白中秋预感到大事不好,就看他们怎么干。那三个人就出去了,走到他窑口那儿,拉开堵窑的石头,一忽儿大火纷飞,火舌卷到空中有几丈高,像一条火龙!炭见了空气,又燃了,要烧成白灰!白中秋见此景,就扑向那窑,却被三个人紧紧抓住,并且把他按倒在地。白中秋真真切切看到他们把三个雷管投进窑里,一阵惊天动地的响声,窑飞了,满沟里都是热气腾腾的炭灰,就是炭灰。白中秋一声惨叫就哭了起来,可回头一看,那三个巡山员不见了。
第五章雪山咒语(12)
“我娘耶!我完了!这辈子算完了!叫花子讨鱼胆,穷苦的命哟!……”
七
苦荞答应了要将那软骨人送回宜昌,这就动身了。没钱坐车,就走小路近路,穿山越岭。好在软骨人又小,充其量四五十斤,山里人背惯了,也不算什么。那软骨人坐在苦荞背柴背猪草的背篓里,还是安静如初。苦荞就诅咒着天杀的白中秋。山中有秋雨,只好用雨布将自己的头和软宝的头盖着,也就盖住了整个背篓;那软宝的头搁在她背颈窝里,左摇右晃的,吹着丝丝热气,算是个活人,走路就格外小心,怕滑倒了,把那软骨人摔了。
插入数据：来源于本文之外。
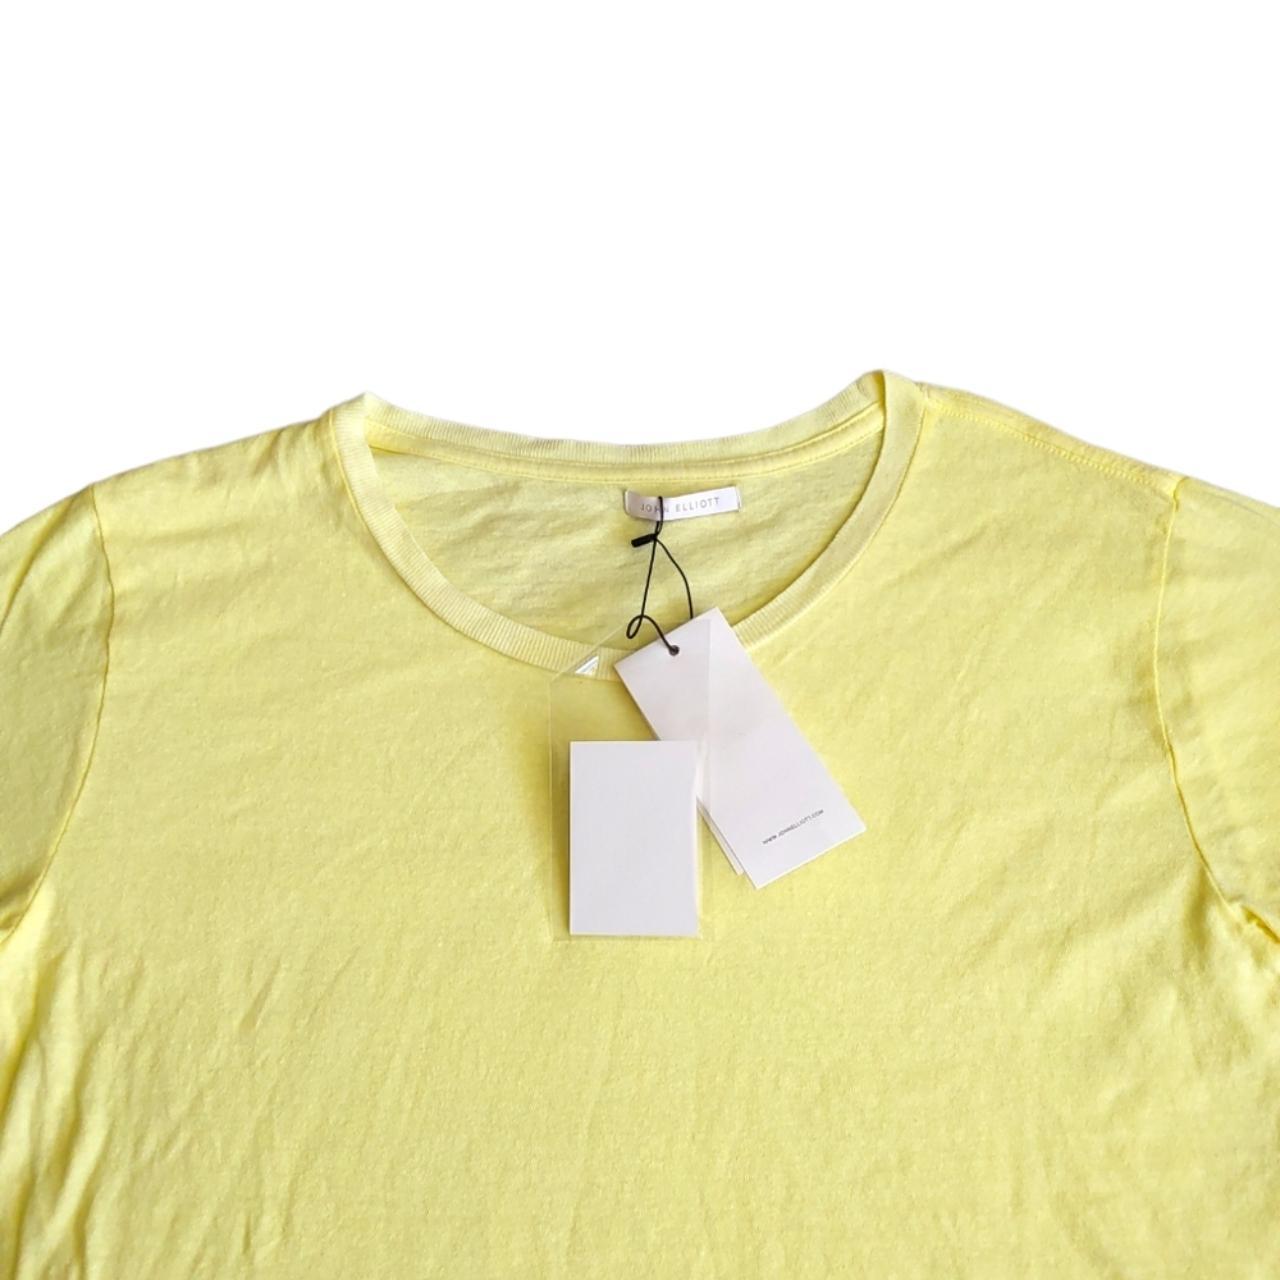 John Elliott Women's Yellow T-shirt (4)

人家可是城里人哩,宜昌在哪咱也不知道,没去过,但方向还是知晓的,穿过兴山,再穿过夷陵,不就到了宜昌市吗?如拦到个便车,就更快了。
到处是淋湿后阴森森潮乎乎的树,乌桕的红叶一蓬火从雨中冲出来,还是无力,呛着烟子。山楂红串串的,像树淌着鼻血,疯长的山荷叶还是很茂盛,在溪沟边摇摇曳曳。苦荞见旁边林子里有响动,就拍拍那背篓说:
“有野牲口,我就把你喂着吃了的啊!”
有个人说话,人还是胆大些。那“人”虽不能说话,又小,毕竟是个四肢俱全的人。
“宜昌有大楼房和大洋船吧?”
“宜昌的女人都很漂亮吧?……宜昌人吃啥喝啥?长成你这么个蔫不拉叽软宝相,未必宜昌没苞谷吃么?咱神农架山里,男娃女娃都长得墩墩实实的,打得死老虎,都叫苞谷墩子……”
这么说着,到了傍晚,雨的翅膀收了,有晚霞钻出来,山上又有一派爽气,路也干了,听到远处的山上有歌声和牛哞声,就唱了起来:
送郎送到床档头,
撞破灯盏泼了油,
破了灯盏不打紧,
油了衣裳要丢丑。
送郎送到房屋门,
双泪难忍哭一声,
你也哭来我一哭,
哭来哭去走不成。
送郎送到道路口,
伸手拉住我郎手,
舍不得丢也要丢,
奴手丢了心难丢。
送郎送到大桥头,
手扶栏杆望水流,
莫学江水无情意,
但愿天长与地久……
唱完,那背上的人竟拍起手来。还能听哩,也能吃,给了他个火烧粑粑,就吃完了。走到一家住户,想讨歇过夜。可那家人说:“背个啥哩?猴娃?”苦荞一听就气了,说:“咋说话哩,这是个人,人家还是城里的,宜昌的。”那家人就说:“人不像人,猴不像猴,不是猴娃是什么呢?”就朝她打量,看那眼神,好像这背篓里的人是她和猴子配了生的。就气愤地走了。回过头又问了一句:“这里闹不闹猪?”那家人说:“猪啊猴啊鬼啊都闹的。”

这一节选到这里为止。